Before installing hot water showers, reconsider whether they are really necessary in a hot tropical climate. Go for solar water heaters, although the installation cost is high. Instant water heaters consume much less electricity compared to geysers with water tanks. Now, cheap and safe instant water heaters are available.

Lighting:

Arrange and design your residence to optimise daytime illumination until late evening. If you are constructing a new house, take this issue into account. Use LED lamps, which provide the same illumination for 85 percent less energy. In study rooms and areas that require prolonged illumination, paint the walls white. Angle – poised LED lamps with very low voltage are available. Use them for reading and studies. Routinely clean the surfaces of all lamps. Dust deposition cuts off light.

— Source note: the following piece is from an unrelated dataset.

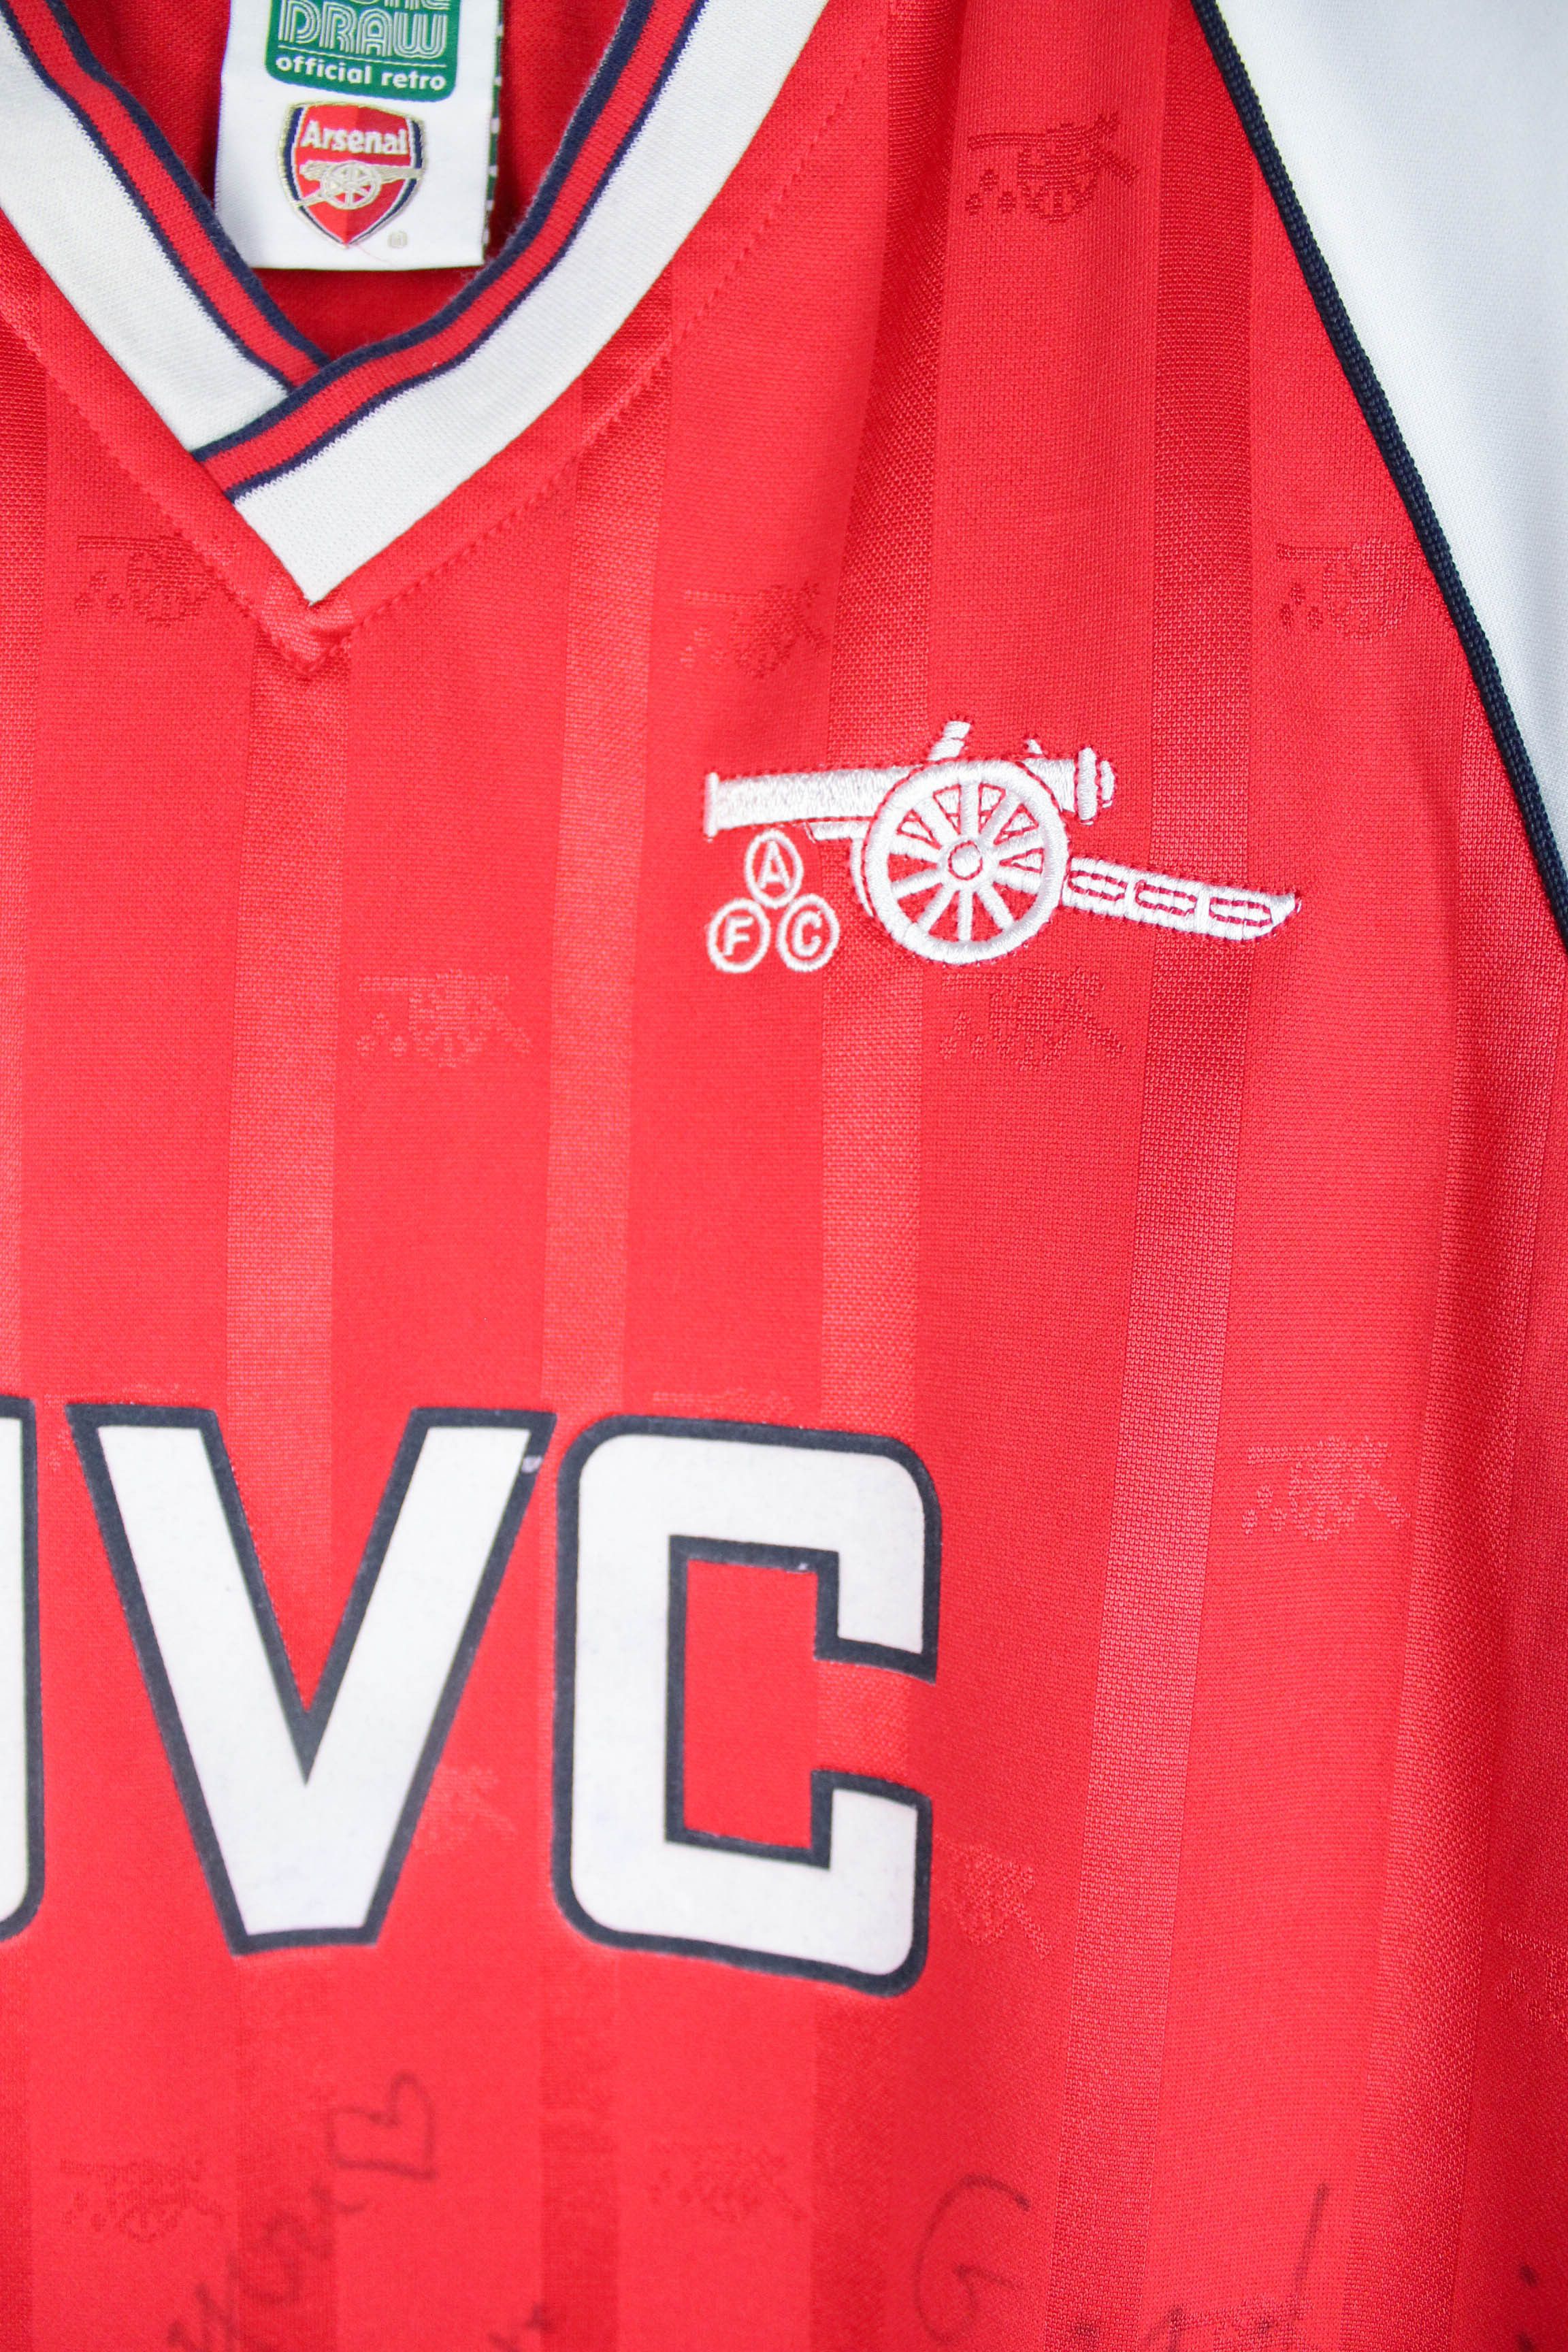 Vintage Arsenal JVC Official Retro Vintage Fans Autographs Jersey Size US M / EU 48-50 / 2 - 4 Thumbnail

Air conditioning and ventilation:

Air conditioning consumes prohibitively large quantities of electrical energy. You can avoid air conditioning by optimising ventilation. The principle is to have air entry points (windows) in the house near the ground level and exit points (vents or windows) near the roof. Ground level is cooler, and the region near the roof is warmer. Thus, a cool air current enters the house near the ground level and hot air is drawn by the vents near the roof. The region near the ground can be rendered cooler by planting trees. Architectural designs are available to optimise this effect. You can sense the direction of air motion by holding a thin strip of paper near the windows at the ground and near the roof level. In addition to ceiling fan, install exhaust fans in the upper points of the house to remove hot air and draw cooler air through windows near the ground. Reduce the amount of sunlight hitting the roof by shading with trees. There are techniques for increasing the reflectance of the roof with paints and other designs.

Transportation:

A good portion of your budget is drained by transportation. Irrespective of who you are, use public transport if convenient and available. As much as possible, use the telephone and email to get your things done. If the officers do not comply for no valid reason, complain. Plan your trips to the town to do several things at the same time. Whenever possible, plan to share transport. Buy energy – efficient small vehicles. Routinely examine your vehicle for energy efficiency, i.e. correct tire pressure etc.

Charge electric vehicles off peak hours. Slow charging reduces heat generation in the circuit, reducing energy loss.

Energy is costly and limited in supply. Everything you do consumes energy. Be energy conscious in all your deeds. That attitude will reduce your expenditure, lessen the environmental degradation and financial burden of the nation in importing fuel.

Educating the general public is the most effective way of implementing energy-saving strategies.